[DATASET ENTRIES — start]

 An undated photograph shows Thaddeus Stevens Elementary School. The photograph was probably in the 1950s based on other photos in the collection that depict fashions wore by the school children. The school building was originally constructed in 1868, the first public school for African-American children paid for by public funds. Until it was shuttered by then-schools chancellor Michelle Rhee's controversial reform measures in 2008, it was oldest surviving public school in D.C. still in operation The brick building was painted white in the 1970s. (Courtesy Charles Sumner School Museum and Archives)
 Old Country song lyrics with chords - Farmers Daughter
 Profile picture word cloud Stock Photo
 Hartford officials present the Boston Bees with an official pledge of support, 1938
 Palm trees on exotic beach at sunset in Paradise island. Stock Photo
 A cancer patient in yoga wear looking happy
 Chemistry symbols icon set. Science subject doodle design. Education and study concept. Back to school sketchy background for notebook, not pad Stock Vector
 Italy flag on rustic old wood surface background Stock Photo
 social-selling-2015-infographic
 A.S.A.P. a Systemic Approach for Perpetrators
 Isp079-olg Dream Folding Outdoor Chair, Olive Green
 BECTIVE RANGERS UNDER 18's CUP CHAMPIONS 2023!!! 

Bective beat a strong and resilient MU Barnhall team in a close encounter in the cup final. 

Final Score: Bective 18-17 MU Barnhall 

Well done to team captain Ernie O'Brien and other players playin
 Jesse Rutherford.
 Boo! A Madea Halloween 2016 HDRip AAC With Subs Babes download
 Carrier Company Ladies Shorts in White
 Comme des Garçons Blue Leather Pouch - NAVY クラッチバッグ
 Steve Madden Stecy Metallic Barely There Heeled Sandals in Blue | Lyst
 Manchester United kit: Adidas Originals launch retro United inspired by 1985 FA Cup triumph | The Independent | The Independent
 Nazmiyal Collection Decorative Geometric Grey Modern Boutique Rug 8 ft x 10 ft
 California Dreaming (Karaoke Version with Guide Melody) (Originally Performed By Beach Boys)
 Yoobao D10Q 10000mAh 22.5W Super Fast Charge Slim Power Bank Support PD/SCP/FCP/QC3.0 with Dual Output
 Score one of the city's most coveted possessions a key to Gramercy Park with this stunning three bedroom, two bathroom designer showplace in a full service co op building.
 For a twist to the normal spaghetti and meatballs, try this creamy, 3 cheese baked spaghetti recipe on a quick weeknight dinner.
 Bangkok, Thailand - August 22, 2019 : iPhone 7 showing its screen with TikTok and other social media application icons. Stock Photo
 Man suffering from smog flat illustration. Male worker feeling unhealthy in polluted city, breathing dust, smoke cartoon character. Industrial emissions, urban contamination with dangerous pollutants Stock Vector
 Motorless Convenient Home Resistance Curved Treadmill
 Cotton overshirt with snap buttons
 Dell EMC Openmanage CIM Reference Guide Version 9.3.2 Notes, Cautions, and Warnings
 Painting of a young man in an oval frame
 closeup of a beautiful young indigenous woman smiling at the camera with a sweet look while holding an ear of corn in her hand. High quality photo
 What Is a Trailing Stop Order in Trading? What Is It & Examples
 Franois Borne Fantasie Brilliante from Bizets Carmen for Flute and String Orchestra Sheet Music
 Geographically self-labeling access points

[DATASET ENTRIES — finish]

## WHAT YOU HAVE TO DO
Please, from the material above, copy only the lines from the line with "Manchester United kit: Adidas" up to and including the line with "Score one of", exactly as written.

## RESPONSE BOX
 Manchester United kit: Adidas Originals launch retro United inspired by 1985 FA Cup triumph | The Independent | The Independent
 Nazmiyal Collection Decorative Geometric Grey Modern Boutique Rug 8 ft x 10 ft
 California Dreaming (Karaoke Version with Guide Melody) (Originally Performed By Beach Boys)
 Yoobao D10Q 10000mAh 22.5W Super Fast Charge Slim Power Bank Support PD/SCP/FCP/QC3.0 with Dual Output
 Score one of the city's most coveted possessions a key to Gramercy Park with this stunning three bedroom, two bathroom designer showplace in a full service co op building.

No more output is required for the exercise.